Health at Every Size®, A Series Part 1: 4 Reasons to Adopt a HAES Philosophy
What is HAES?
HAES stands for Health At Every Size®, an evidence-based approach towards healthcare that focuses on health-promoting behaviors rather than intentional weight loss. At its core, HAES advocates that health is not defined by weight and that weight itself is not a behavior. It rejects the use of BMI (body mass index), weight, and size as metrics of health. The HAES philosophy views health as available and achievable to all, outside of the weight paradigm.
More broadly, HAES is also a social movement working to eliminate diet culture and size discrimination and to promote a more holistic view of health, encompassing not only physical but also social, emotional and spiritual health.
What’s the evidence?
Diets don’t work. Studies show that attempts to intentionally lose weight have demonstrated no consistent health benefits, including sustained weight loss. In fact, some research suggests that our endocrine systems actually prefer to regain weight. And even if it were true that weight loss positively affected health outcomes, up to two-thirds of people gain back more than the weight they initially lost.
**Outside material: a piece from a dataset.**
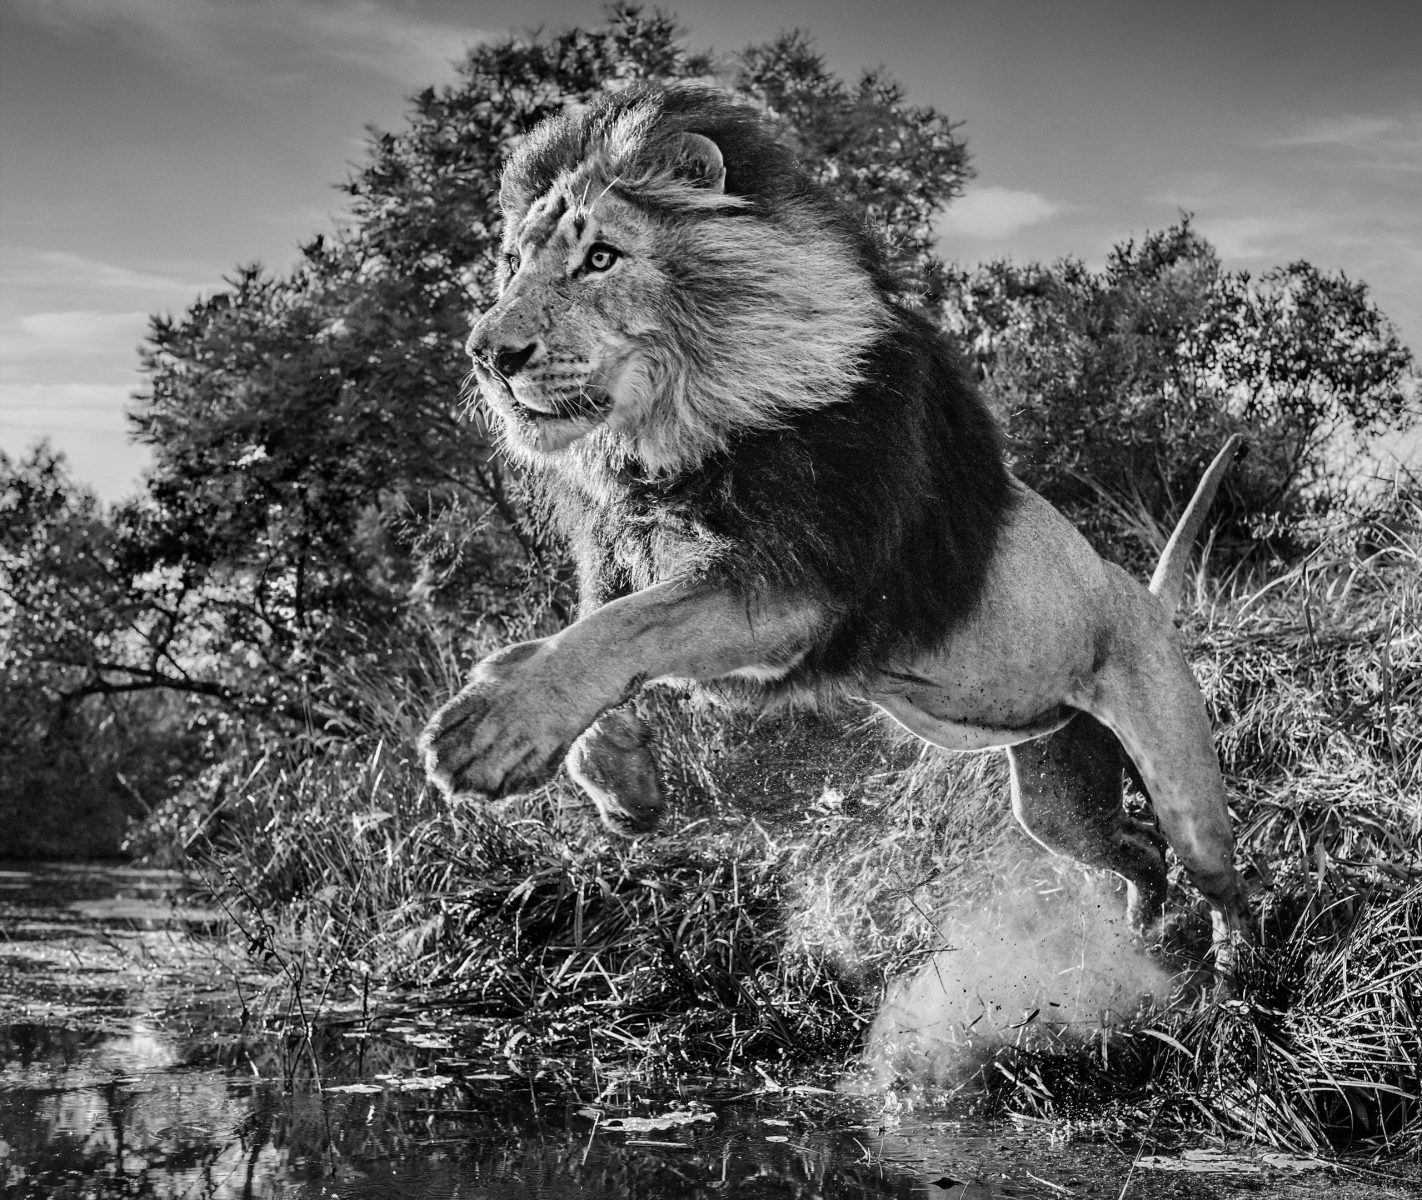 Tusk Lion Trail 2021
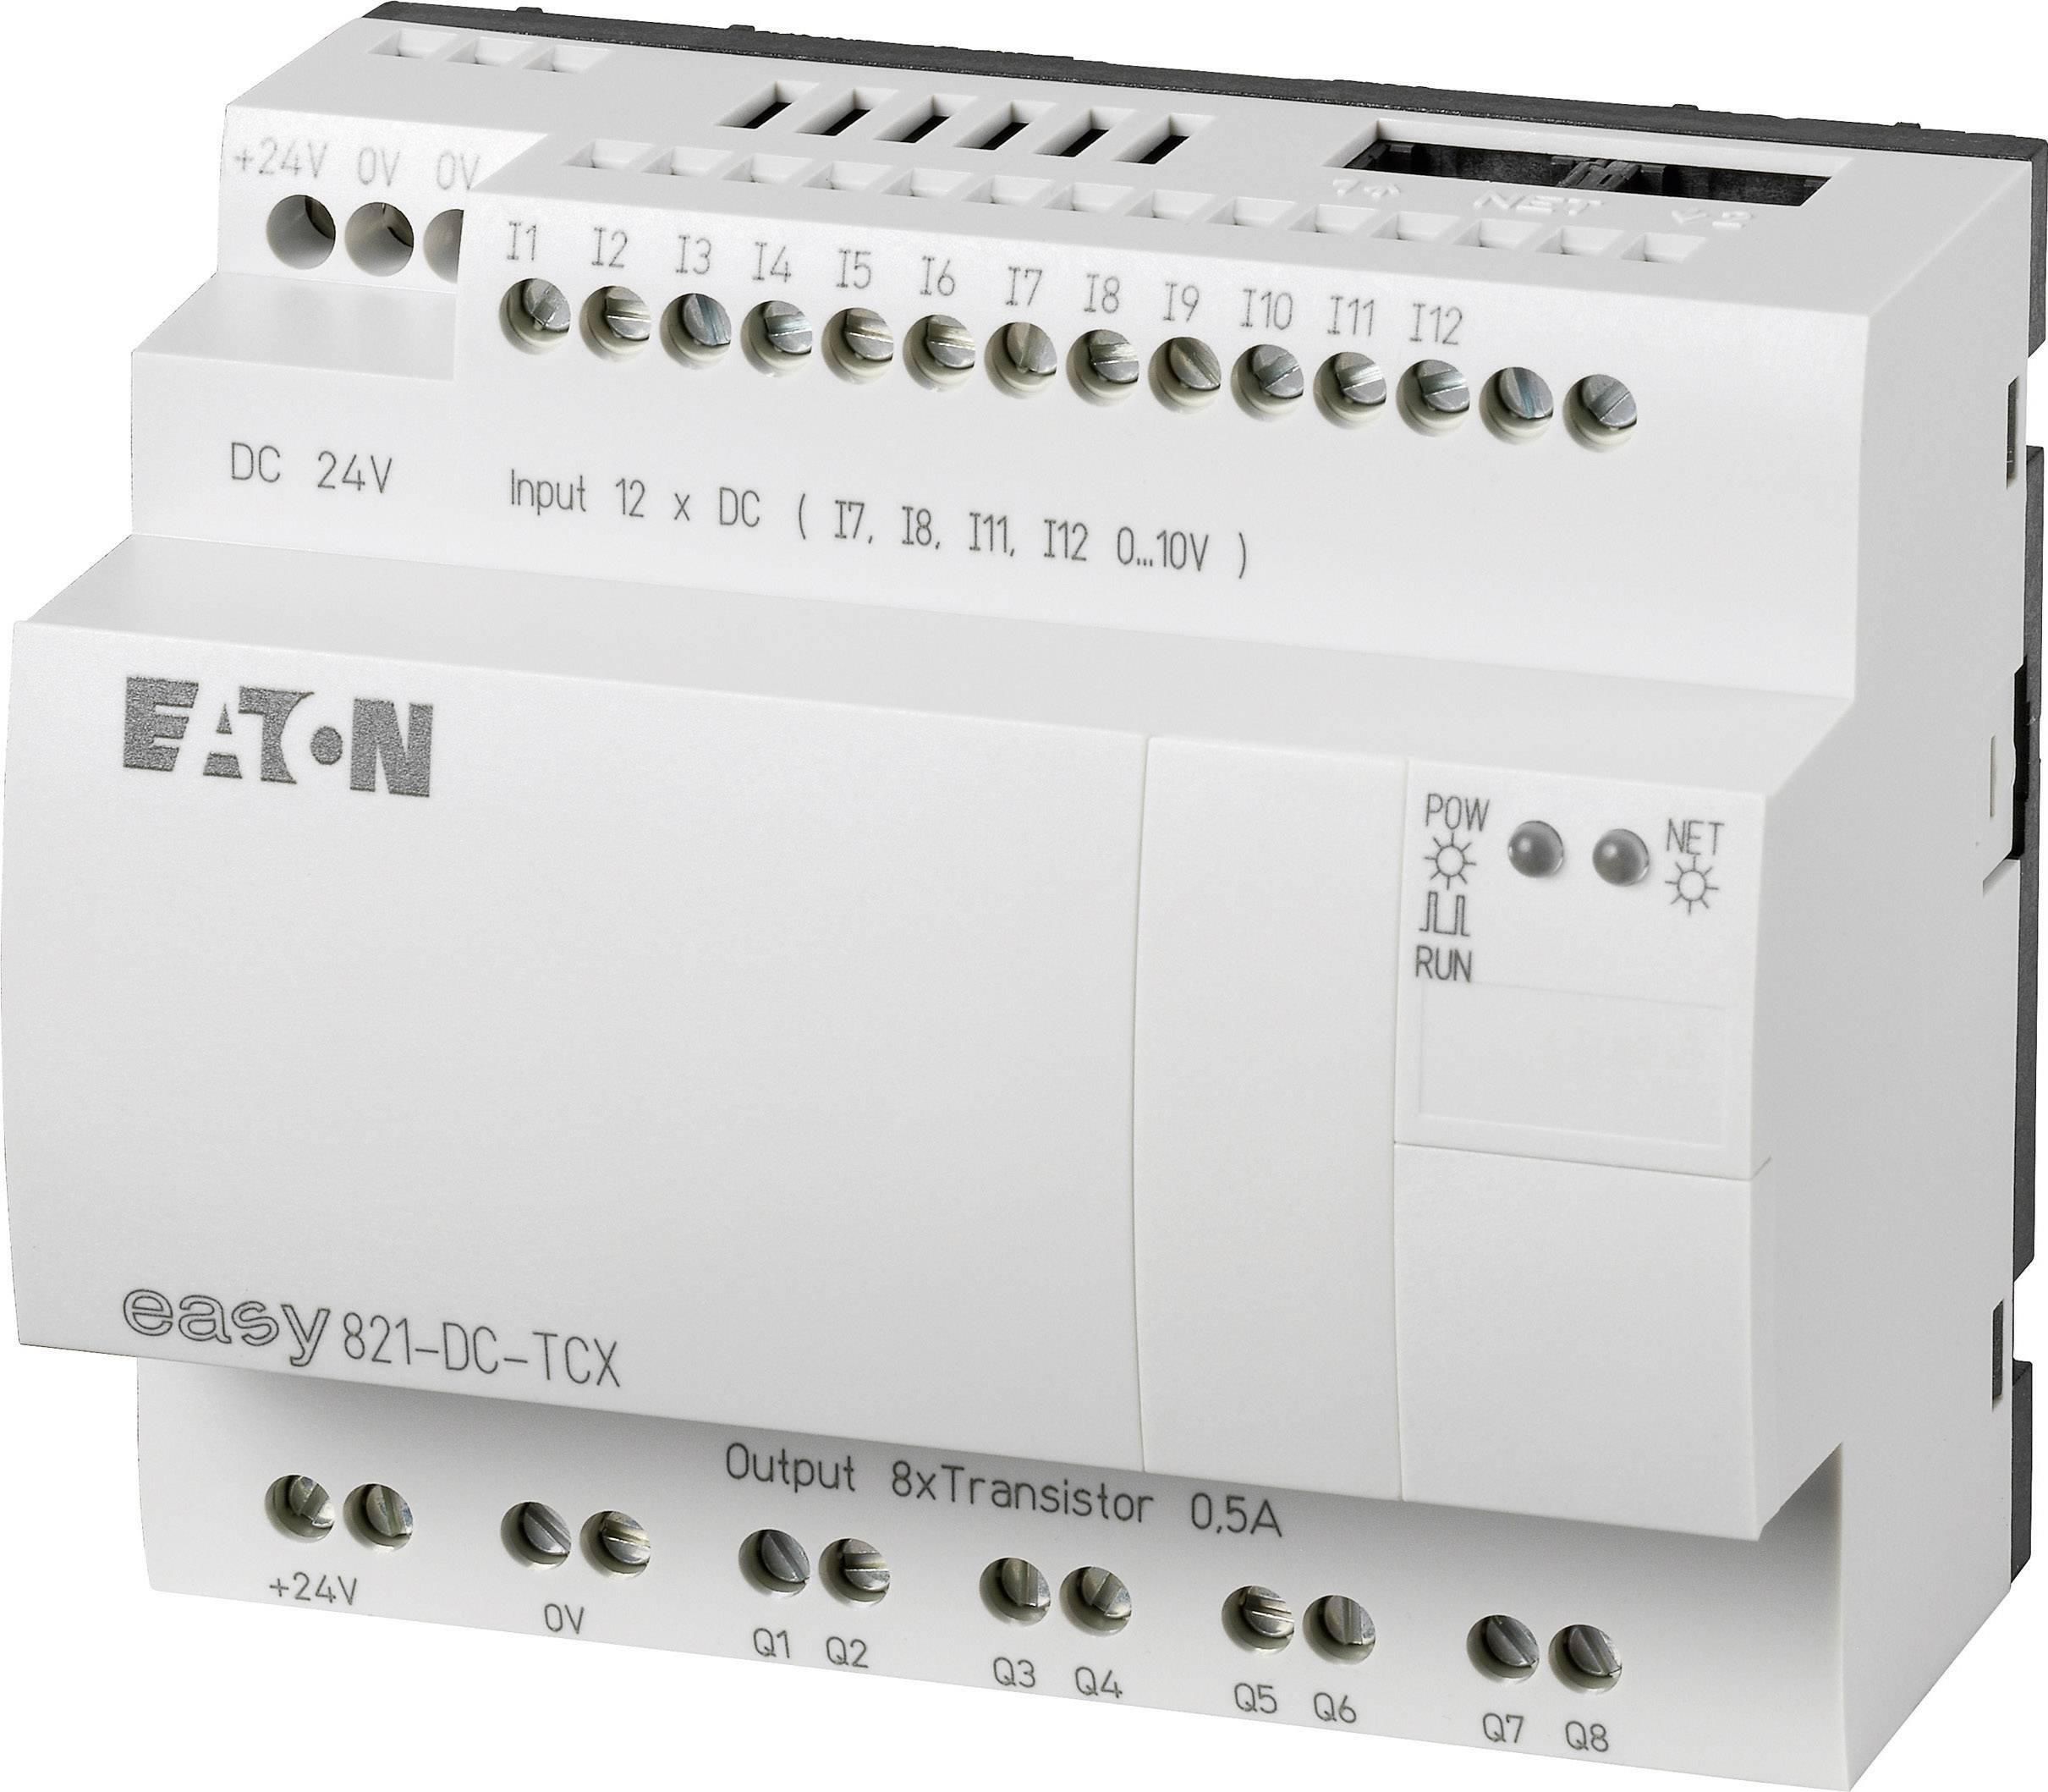 Řídicí reléový modul Eaton easy 821-DC-TCX (256274), IP20, 12, 8x tranzistor

Weight cycling can have harmful effects, both physical and mental. Weight cycling may increase the risk of diabetes, high blood pressure, high cholesterol, and heart disease. A recent study confirms these effects over a longer-term period. It may also have a detrimental effect on mental health, with higher rates of depression reported among chronic dieters.
The Body Mass Index (BMI) is extremely flawed. Fun fact: the BMI is a 200-year-old metric that was created by a mathematician to, in essence, help the government allocate resources. It does not account for bone density, muscle mass, or different body shapes, not to mention age, gender, race, or ethnicity. Yet it continues to be used by doctors as a means of diagnosis and by insurance companies as a way to charge higher premiums.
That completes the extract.